I will admit that my knowledge on this topic is limited...

I agree wholeheartedly about no till. Any gardening book worth its weight will preach that. Its the reason I use raised beds.
If you haven't got it, you won't be doing anything with it.

What I compost in the yard is sheep manure.
Most of my sheep manure is spread on the pasture during the summer by the sheep.
(neat how that works, eh?)
What accumulates in the shed during the winter and lambing season is composted and used on the gardens.

A distant cousin's hog finishing houses are four miles north of my home place and four miles east of the west farm.
For years, I'd purchase pig manure from his pits in the spring and fall
... this is a valuable commodity, someone selling manure knows what it is worth.

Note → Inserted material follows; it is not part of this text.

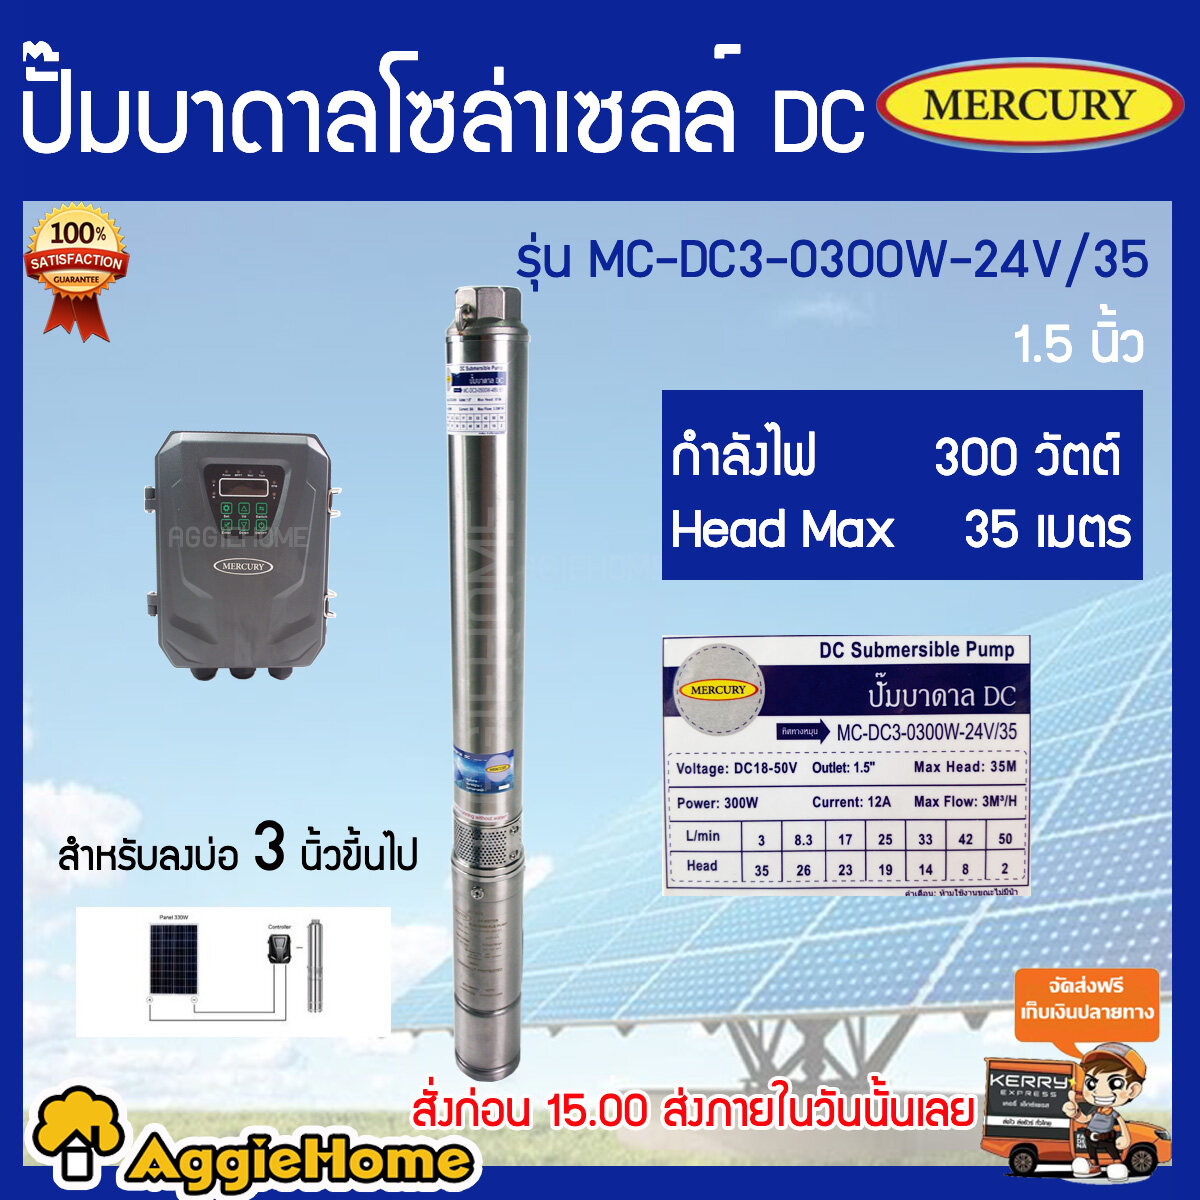 MERCURY ปั้มบาดาล รุ่น MC-DC3-0300W-24V/35

I could make it work on corn ground on either place when fuel was $1.50, about half the cost was transportation.
Now that fuel is twice that (and he thinks the manure is worth more due to that) it doesn't work financially.

* * * * * * * *

I used to grow small grain every year on the west farm. There are two neighbors over there who would be looking for someplace to spread when they were cleaning out their pits/yards in the late summer. As soon as I was done harvesting the small grain, they would be over and ask if it was alright if they spread some manure on my stubble ... of course it was!
Not only was the plant food free, but they hauled it for free as well.
That was a pretty sweet deal.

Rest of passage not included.